Gillies also claimed an effective PMO will reduce IT project costs by as much as 30%.

She also went on to say that CIOs are often blamed for failed project governance, although governance and strategic management are boardroom responsibilities.

Her observations are based on 35 years of IT industry experience.

“PMOs work because they have clearly defined roles, relevant IT information that can be understood by everyone and definitive accountability where decision makers are identified,” she said.

According to Gillies, a PMO should be a single entity which controls all areas of project management such as strategy management, where board members determine business needs; programme management, with group activities in logical order to achieve clear business outcomes; and portfolio management, which lists current and pending projects to optimise enterprise value.

She said PMOs determine project value through assessing dependencies, the risks of commencing or blocking a project, TCO, application performance and project capacities.
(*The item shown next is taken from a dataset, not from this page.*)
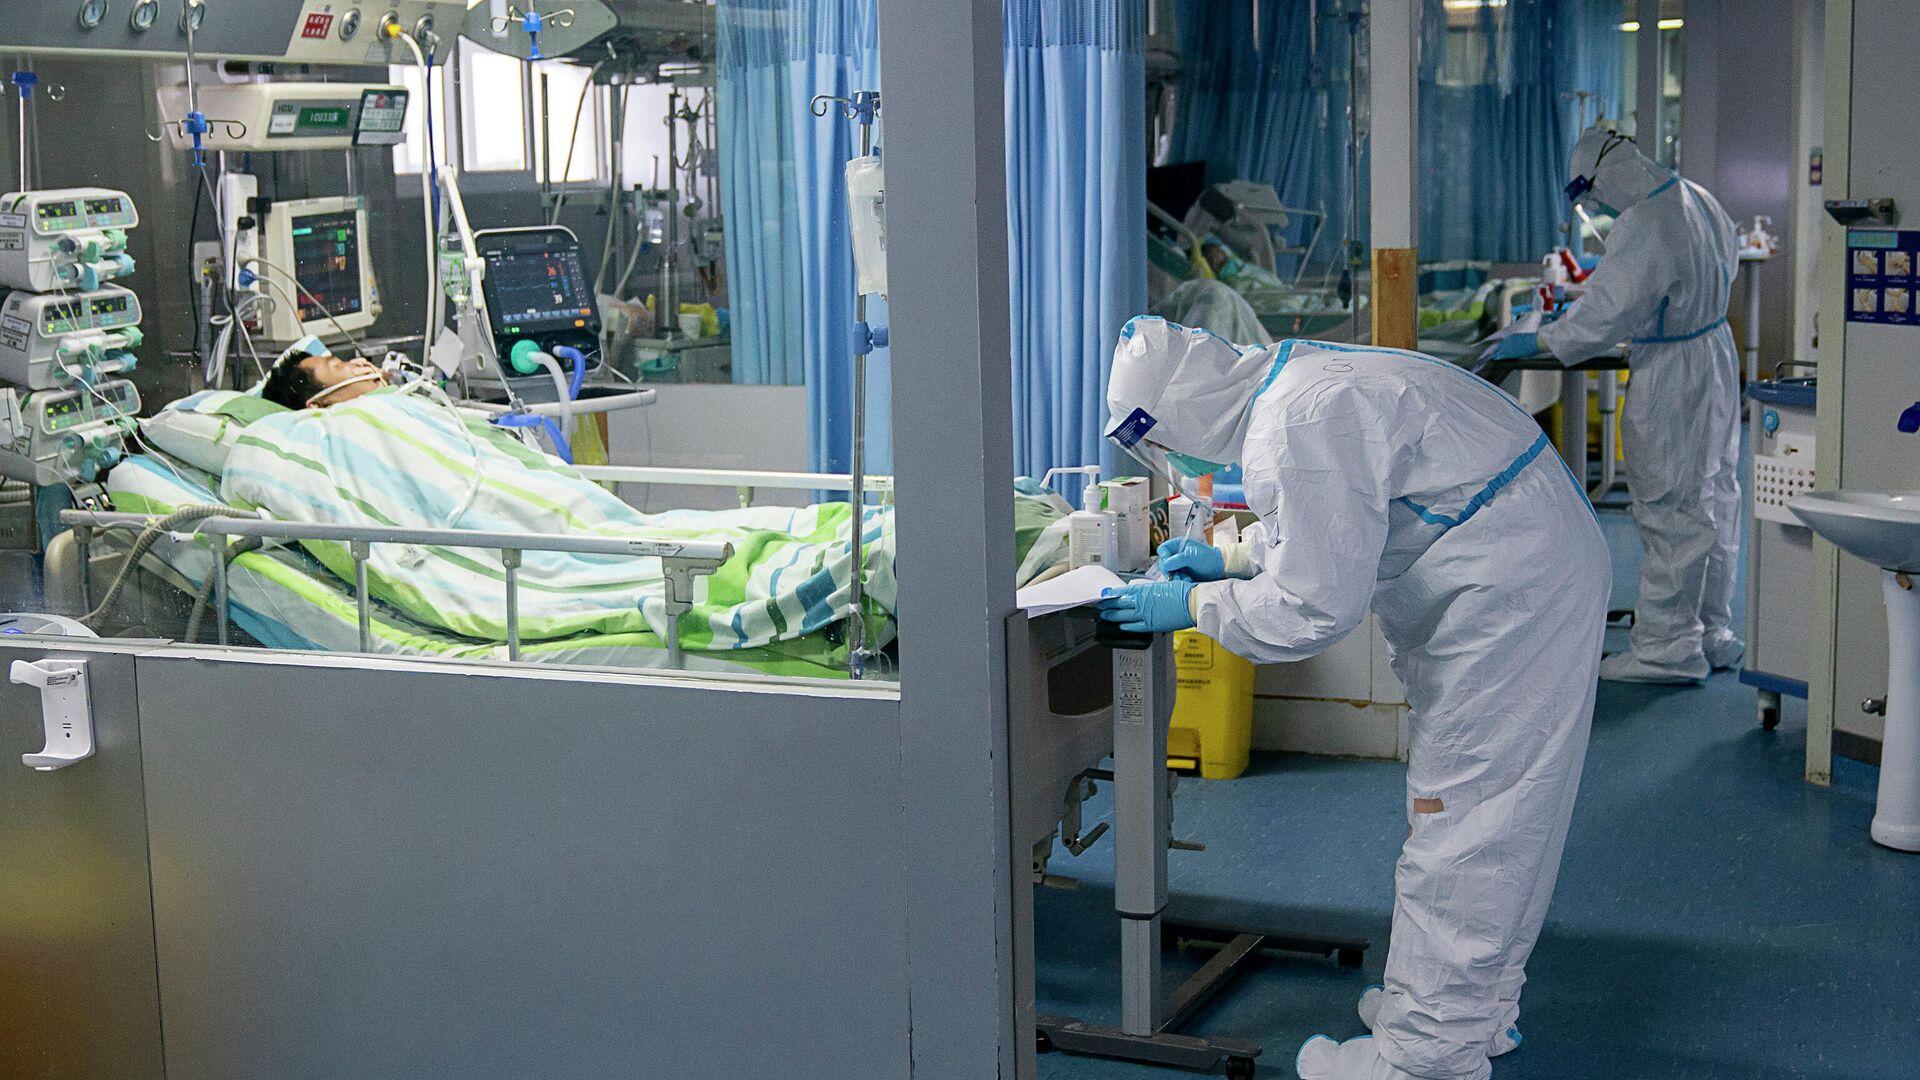 Медицинские работники и пациенты в палате интенсивной терапии в больнице в Китае - РИА Новости, 1920, 12.09.2021

Paul Campbell, IT director at the Australian Catholic University (ACU) and former project manager for the Commonwealth Bank, said trust between the board, executives and the CIO is a crucial triangle in the development of a successful PMO.

“Trust can be built if IT consults all project stakeholders thoroughly, develops roadmaps, and uses common documentation and methodologies,” Campbell said.

“[A PMO] should use one common tool, one database, a glossary and there should be training and information sessions for stakeholders.”

He warned business to never outsource project management because poor project management affects all business processes.

Campbell, who has worked on multiple projects for ACU and law firm Clayton Utz, recommends using scorecards listing the top five projects of each department in terms of costs, schedules, and priorities.

Peter Harrison, consulting director of enterprise value management for Fujitsu Consulting Australia-New Zealand, said costs should only be cut after real value has been properly identified.

“Only cut costs when you understand what generates value and where, because there is a typical disconnect between management of projects, operations, strategy and architecture,” Harrison said.

He cited an IBM survey that found 40% of IT spend is lost due to problems in project management. “Up to 90% of IT spend is used running the business [and] this needs to move to transforming the business when thinking of building a PMO,” Harrison added.